# Exercise details
Copy out all lines of the material below in which "Collection" occurs.
☆ ☆ ☆ ☆
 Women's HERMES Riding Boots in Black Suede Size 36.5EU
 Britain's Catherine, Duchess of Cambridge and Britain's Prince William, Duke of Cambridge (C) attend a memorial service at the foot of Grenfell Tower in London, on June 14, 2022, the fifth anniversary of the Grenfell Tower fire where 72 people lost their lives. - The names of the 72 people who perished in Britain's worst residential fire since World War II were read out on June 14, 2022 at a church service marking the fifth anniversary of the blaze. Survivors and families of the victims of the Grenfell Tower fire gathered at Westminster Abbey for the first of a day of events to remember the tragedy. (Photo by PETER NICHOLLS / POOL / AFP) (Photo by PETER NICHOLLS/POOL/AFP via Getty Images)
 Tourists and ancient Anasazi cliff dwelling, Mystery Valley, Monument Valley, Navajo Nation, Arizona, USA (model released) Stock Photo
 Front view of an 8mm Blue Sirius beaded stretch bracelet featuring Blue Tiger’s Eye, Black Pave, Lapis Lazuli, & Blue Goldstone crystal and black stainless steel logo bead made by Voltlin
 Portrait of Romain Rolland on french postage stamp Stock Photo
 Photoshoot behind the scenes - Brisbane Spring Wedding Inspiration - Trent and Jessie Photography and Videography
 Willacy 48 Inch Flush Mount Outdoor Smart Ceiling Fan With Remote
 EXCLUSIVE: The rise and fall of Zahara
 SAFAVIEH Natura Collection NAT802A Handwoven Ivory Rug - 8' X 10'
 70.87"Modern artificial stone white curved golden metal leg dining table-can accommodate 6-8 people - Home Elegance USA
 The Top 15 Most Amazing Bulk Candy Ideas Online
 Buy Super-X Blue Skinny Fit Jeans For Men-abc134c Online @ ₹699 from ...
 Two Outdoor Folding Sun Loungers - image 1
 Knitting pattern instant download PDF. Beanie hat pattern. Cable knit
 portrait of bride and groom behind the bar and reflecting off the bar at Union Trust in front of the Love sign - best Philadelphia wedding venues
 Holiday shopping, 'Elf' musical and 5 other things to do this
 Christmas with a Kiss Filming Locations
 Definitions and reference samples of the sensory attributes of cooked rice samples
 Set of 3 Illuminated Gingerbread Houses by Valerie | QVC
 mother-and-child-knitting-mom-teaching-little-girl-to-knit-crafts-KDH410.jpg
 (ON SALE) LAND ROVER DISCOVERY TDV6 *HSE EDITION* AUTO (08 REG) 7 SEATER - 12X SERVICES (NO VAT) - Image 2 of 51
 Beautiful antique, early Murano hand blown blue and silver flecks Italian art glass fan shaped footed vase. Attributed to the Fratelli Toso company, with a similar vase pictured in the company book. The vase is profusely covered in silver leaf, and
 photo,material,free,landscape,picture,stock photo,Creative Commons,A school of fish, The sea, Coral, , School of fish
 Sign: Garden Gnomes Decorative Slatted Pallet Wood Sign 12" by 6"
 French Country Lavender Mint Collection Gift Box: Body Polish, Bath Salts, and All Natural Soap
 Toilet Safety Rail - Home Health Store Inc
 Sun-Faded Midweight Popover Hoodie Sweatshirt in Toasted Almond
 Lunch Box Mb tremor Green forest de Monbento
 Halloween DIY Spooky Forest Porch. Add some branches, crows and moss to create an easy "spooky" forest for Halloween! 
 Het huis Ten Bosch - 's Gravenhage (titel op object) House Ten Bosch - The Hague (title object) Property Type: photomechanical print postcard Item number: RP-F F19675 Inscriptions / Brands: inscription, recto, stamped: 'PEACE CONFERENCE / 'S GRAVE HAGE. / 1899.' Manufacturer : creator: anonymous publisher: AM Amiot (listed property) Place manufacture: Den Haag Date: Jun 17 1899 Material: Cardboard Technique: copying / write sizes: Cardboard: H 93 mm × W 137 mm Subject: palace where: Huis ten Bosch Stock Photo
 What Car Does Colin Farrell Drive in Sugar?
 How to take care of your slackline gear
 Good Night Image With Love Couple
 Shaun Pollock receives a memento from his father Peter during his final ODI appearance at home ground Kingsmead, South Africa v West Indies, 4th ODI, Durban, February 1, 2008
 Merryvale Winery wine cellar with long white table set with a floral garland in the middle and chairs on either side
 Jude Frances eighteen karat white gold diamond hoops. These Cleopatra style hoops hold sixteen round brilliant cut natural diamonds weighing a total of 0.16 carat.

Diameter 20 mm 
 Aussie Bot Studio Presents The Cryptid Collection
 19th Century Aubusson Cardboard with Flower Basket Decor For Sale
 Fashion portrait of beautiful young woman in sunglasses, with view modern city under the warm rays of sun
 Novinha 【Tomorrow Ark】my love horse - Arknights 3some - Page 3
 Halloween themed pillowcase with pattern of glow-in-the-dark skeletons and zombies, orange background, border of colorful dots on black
☆ ☆ ☆ ☆
# Answer section
 SAFAVIEH Natura Collection NAT802A Handwoven Ivory Rug - 8' X 10'
 French Country Lavender Mint Collection Gift Box: Body Polish, Bath Salts, and All Natural Soap
 Aussie Bot Studio Presents The Cryptid Collection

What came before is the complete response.